MineralWater2 · 19/12/2025 19:05

Honestly, I know everyone says they didn’t do anything but I genuinely didn’t, the last time we met up was over a year ago, we always equally suggested meet ups and made plans etc (not as if I was never making any effort and they got fed up with it iyswim)

the last time we talked was probably around a year ago and one of the group (who is lovely but can be quite demanding at times!) wanted us to all go to visit them in the opposite side of the country the following weekend, I said I couldn’t sorry because I was working and couldn’t get it off, they were drunk messaging and basically kept saying cmon just tell your boss you can’t come in, or saying just come after work etc, I was basically like eh I can’t drive 5 hours after work, then back down again and make it to work the next day on time😅 there wasn’t any argument though it was all light hearted. None of the others went either for the same reason as me. We didn’t talk again for ages after but we didn’t message regularly on the group chat anyway apart from planning a meet up so I didn’t think anything was different until I saw all the pictures without me over the last few months

OP posts:
MineralWater2 · 19/12/2025 19:09

Honestly I know the sensible thing would have been just to message and ask but I just couldn’t even be bothered, I know that sounds ridiculous but I just felt so hurt but didn’t want to show it (as silly as that sounds!)

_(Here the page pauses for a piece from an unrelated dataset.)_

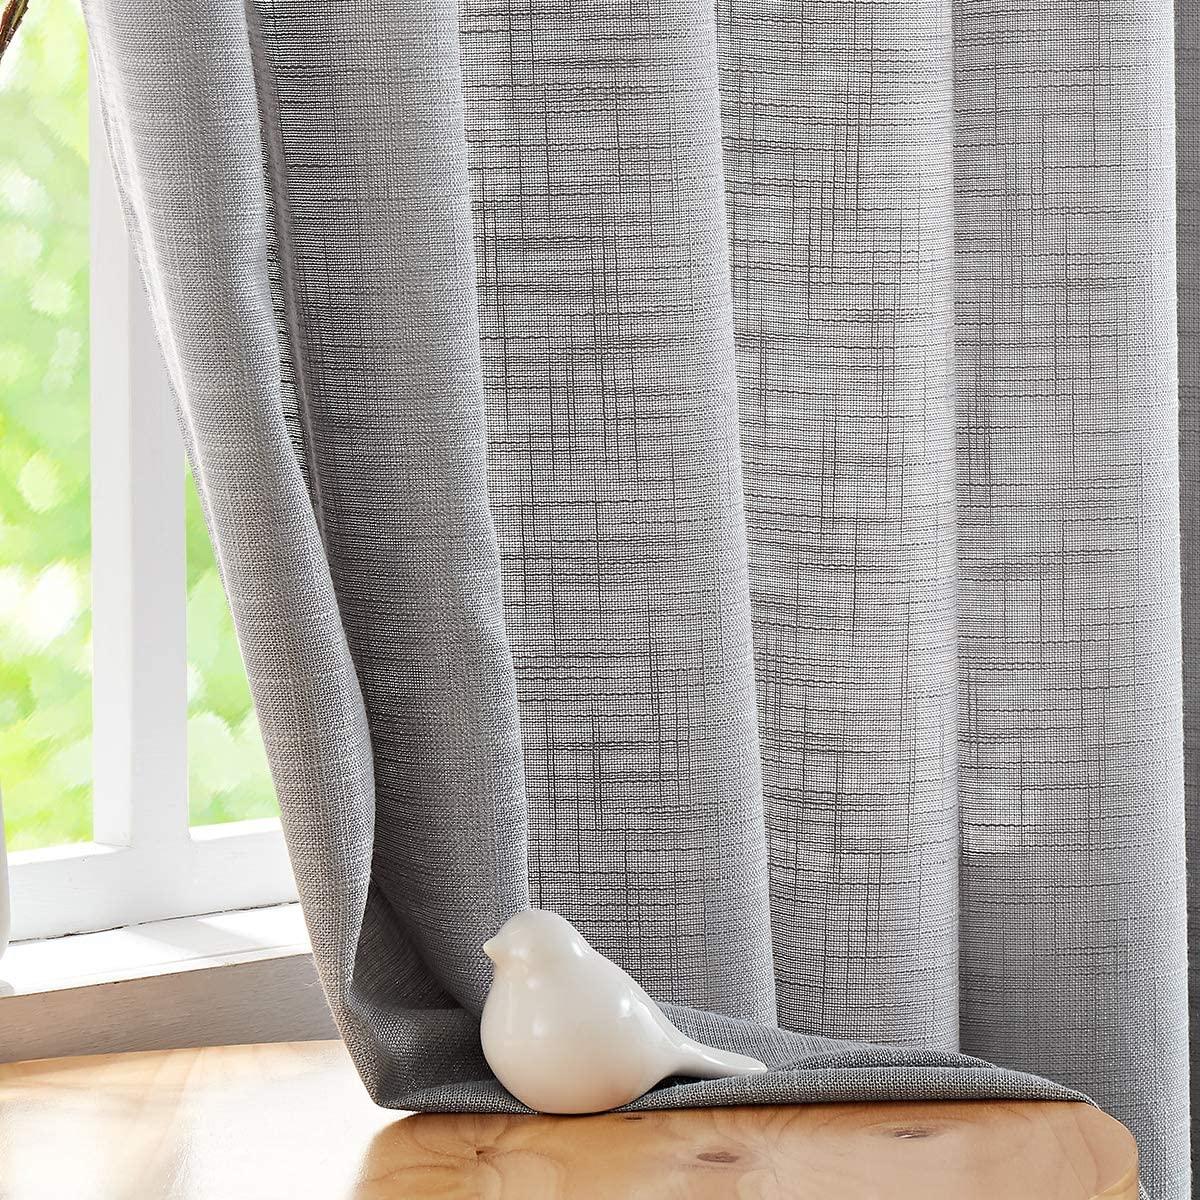 "Fmfunctex Grey Sheer Curtains for Living Room Bedroom Linen Textured Semi-Sheer Window Curtain Drapes 84-inch Length 52""w 2 Panels Grommet Top"
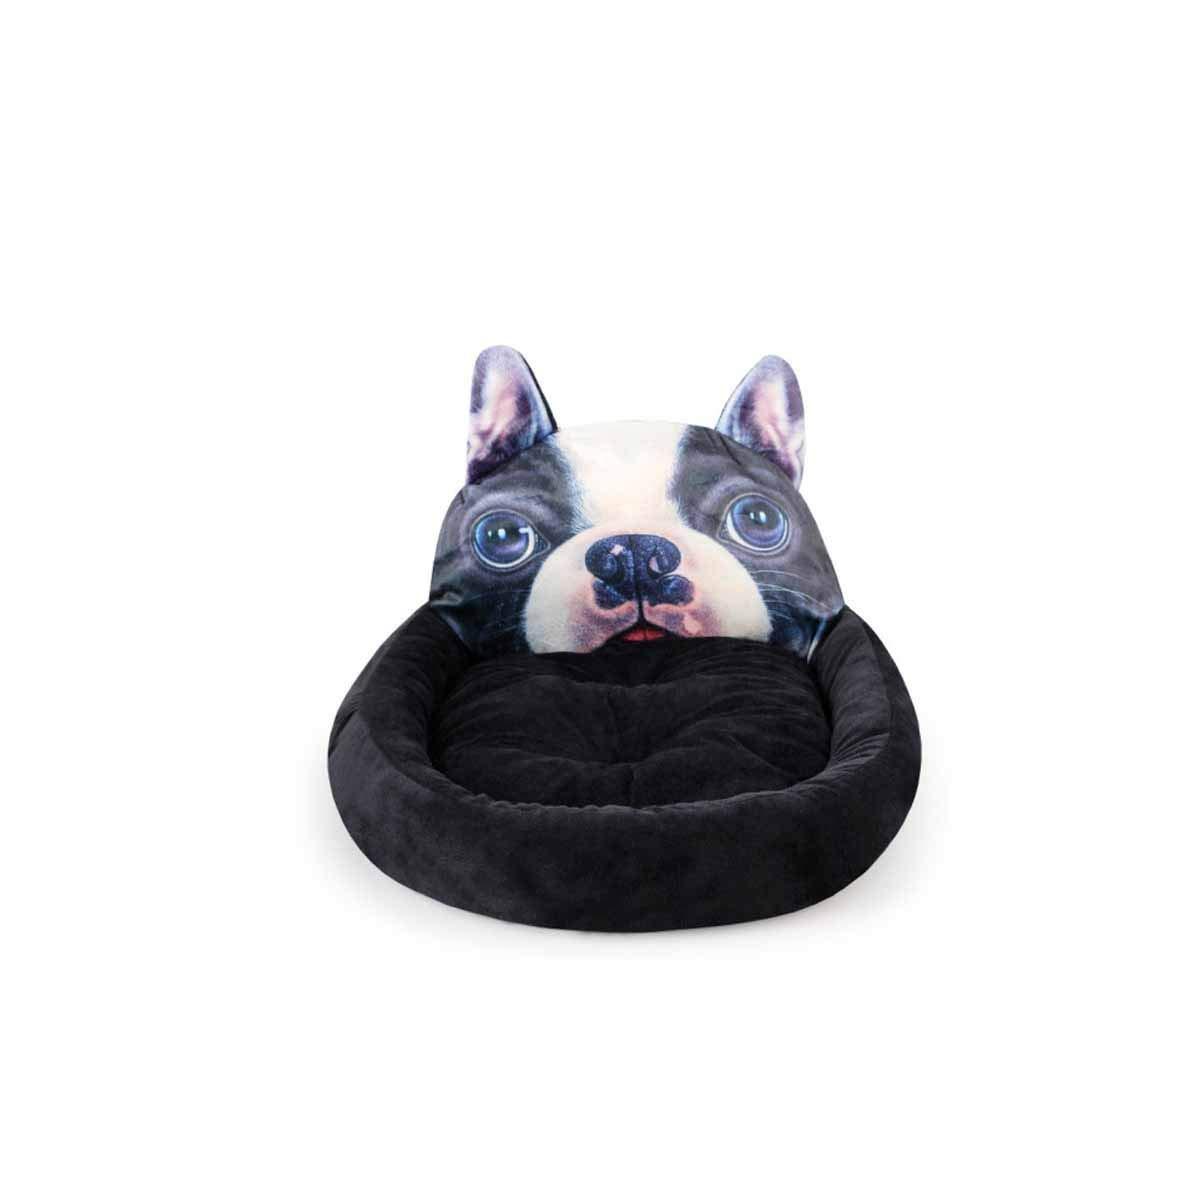 Kennel, Winter Warm Nest, Soft Teddy Bear Xiong Bomei Small Dog Pet Nest, Large Dog in Pet Mattress, Labrador Bullfighting Nest, Dog Mat, Four Season House (Size   L)

I’ll give it a bit of time until I’m not as upset because I don’t want to say anything I regret but then once I’m feeling a bit better about it all then I’ll ask them just for closure if nothing else

I think we’ve just drifted and grown apart I guess and for whatever reason they don’t want to be my friend anymore

OP posts:
NovemberMorn · 19/12/2025 19:09

You have a right to be hurt, but until you address it with one of them, you won't know why.

Moveoverdarlin · 19/12/2025 19:10

That is shitty. I think I would be inclined to say on the original group:

Merry Christmas everyone. I saw you went to the Italian last night. Looks like I missed a good one, you all look really well. I’m guessing there’s another group chat I’m excluded on as I don’t get invited to your meet ups anymore. I’d love to know why? Hope I haven’t inadvertently upset one of you. If I have, do let me know. It’s a shame as we’ve been friends since school and I certainly didn’t want to lose contact. Anyway, sorry for awkwardness, hope you all have a great Christmas.

awrbc81 · 19/12/2025 19:42

I’d be upset too, that’s mean of them.
Time to pull away from them i’d say, you don’t need people like that in your life

Hallywally · 19/12/2025 19:45

Personally I would just leave the WhatsApp group, unfriend them on social media and move on without fuss.

MrsDoubtfire123 · 19/12/2025 20:36

That is so hurtful, I'm sorry OP 🙁

DeathStare · 19/12/2025 20:39

Moveoverdarlin · 19/12/2025 19:10

That is shitty. I think I would be inclined to say on the original group:

Merry Christmas everyone. I saw you went to the Italian last night. Looks like I missed a good one, you all look really well. I’m guessing there’s another group chat I’m excluded on as I don’t get invited to your meet ups anymore. I’d love to know why? Hope I haven’t inadvertently upset one of you. If I have, do let me know. It’s a shame as we’ve been friends since school and I certainly didn’t want to lose contact. Anyway, sorry for awkwardness, hope you all have a great Christmas.

This

IndigoIsMyFavouriteColour · 19/12/2025 20:40

I would be so hurt but wouldn’t say anything either. Friendship has to be mutual to work and it sounds like something has shifted from their side.